— Work to complete —
Write out every line of the material as it stands, apart from the pictures.

— Recorded information —

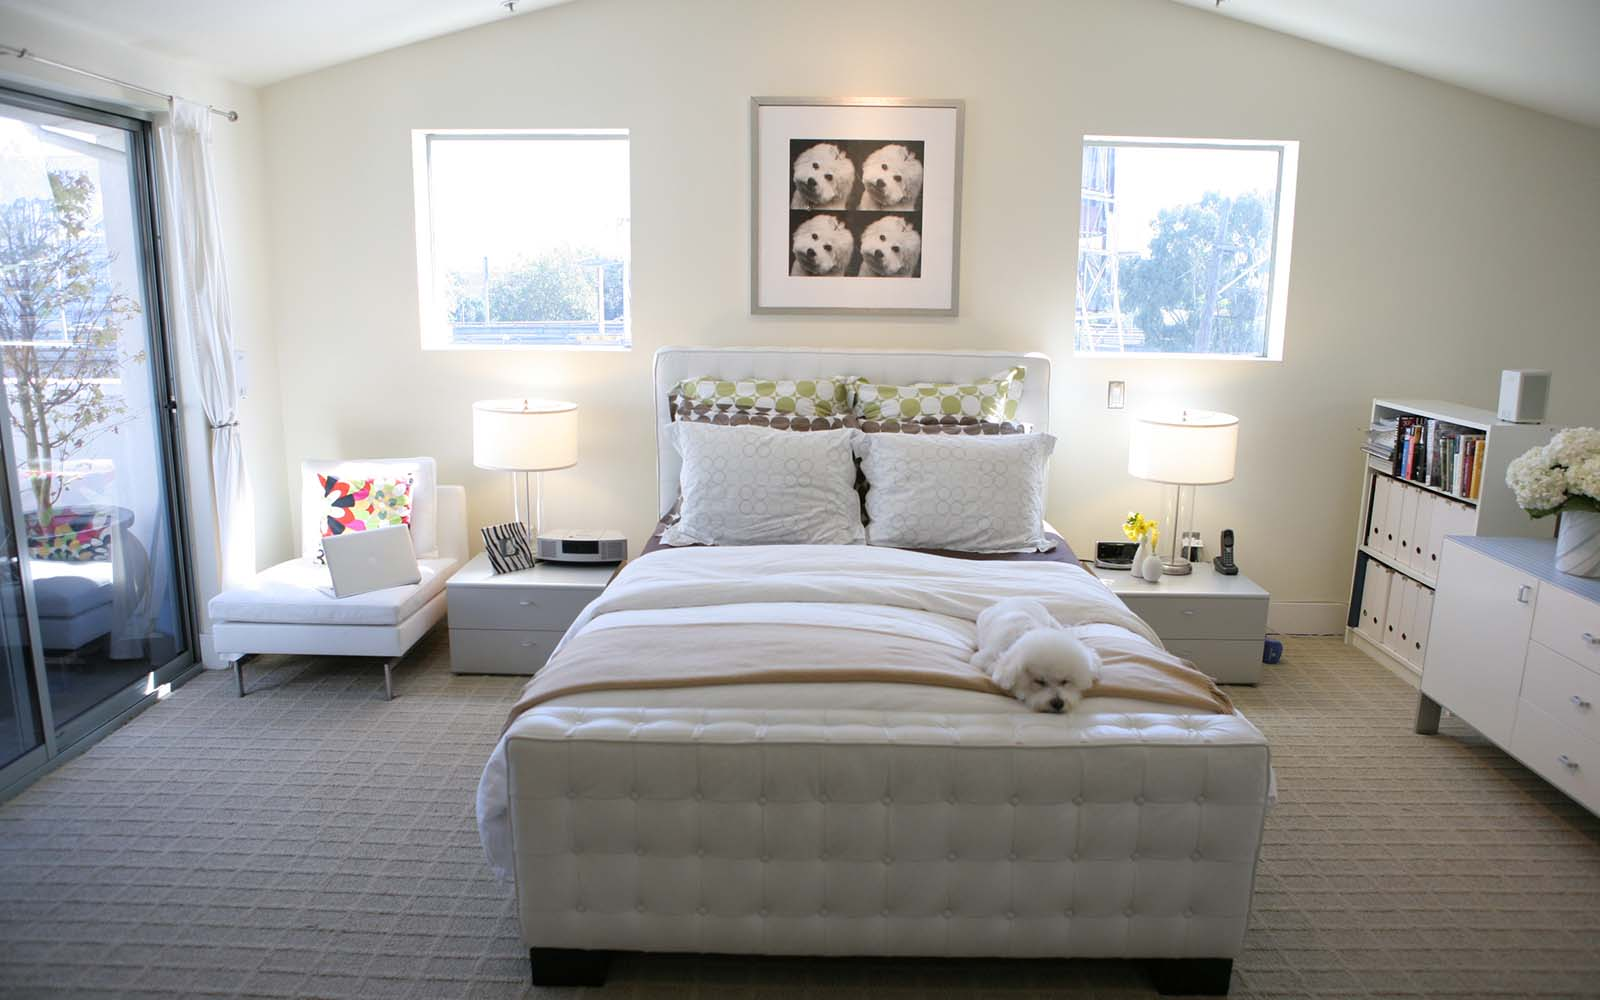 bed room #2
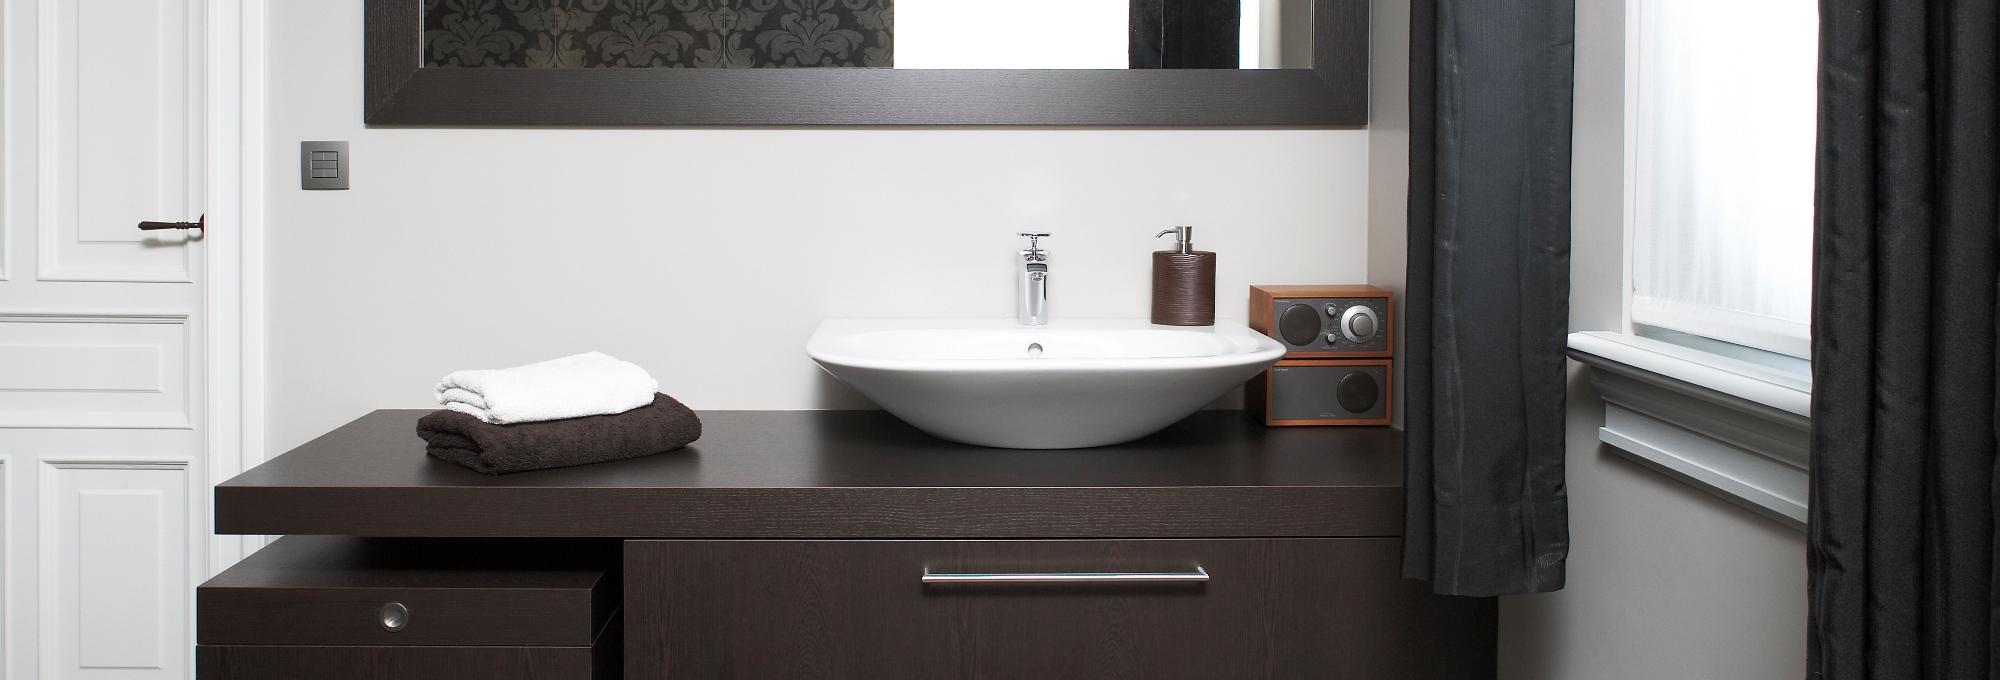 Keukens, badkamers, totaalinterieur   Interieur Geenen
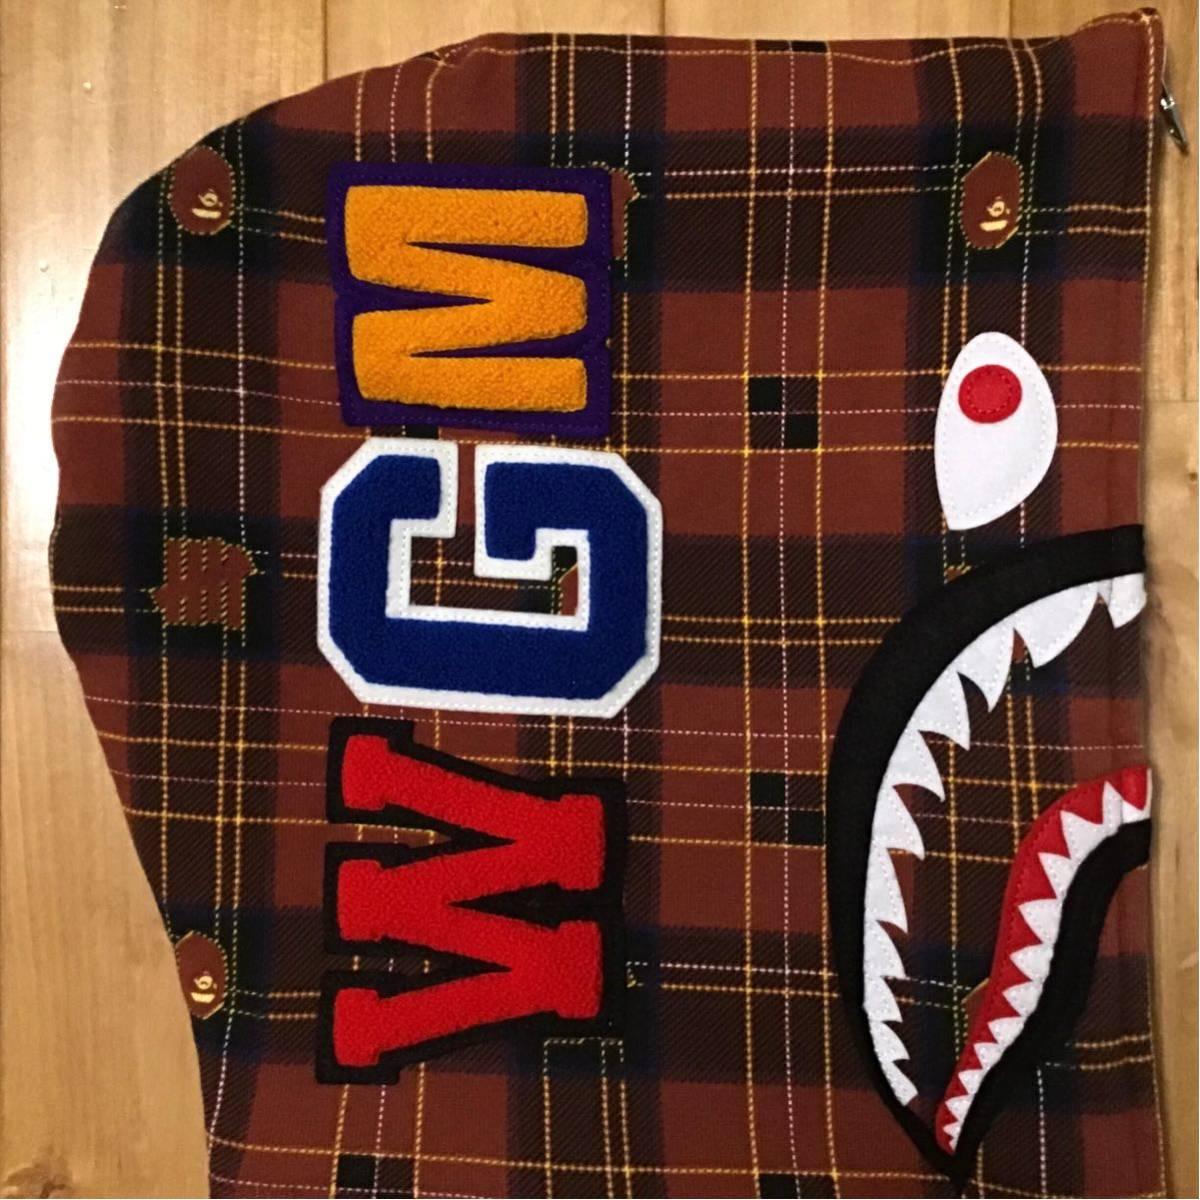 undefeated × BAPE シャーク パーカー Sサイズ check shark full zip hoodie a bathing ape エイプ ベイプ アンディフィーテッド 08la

— Output for this exercise —
 bed room #2
 Keukens, badkamers, totaalinterieur   Interieur Geenen
 undefeated × BAPE シャーク パーカー Sサイズ check shark full zip hoodie a bathing ape エイプ ベイプ アンディフィーテッド 08la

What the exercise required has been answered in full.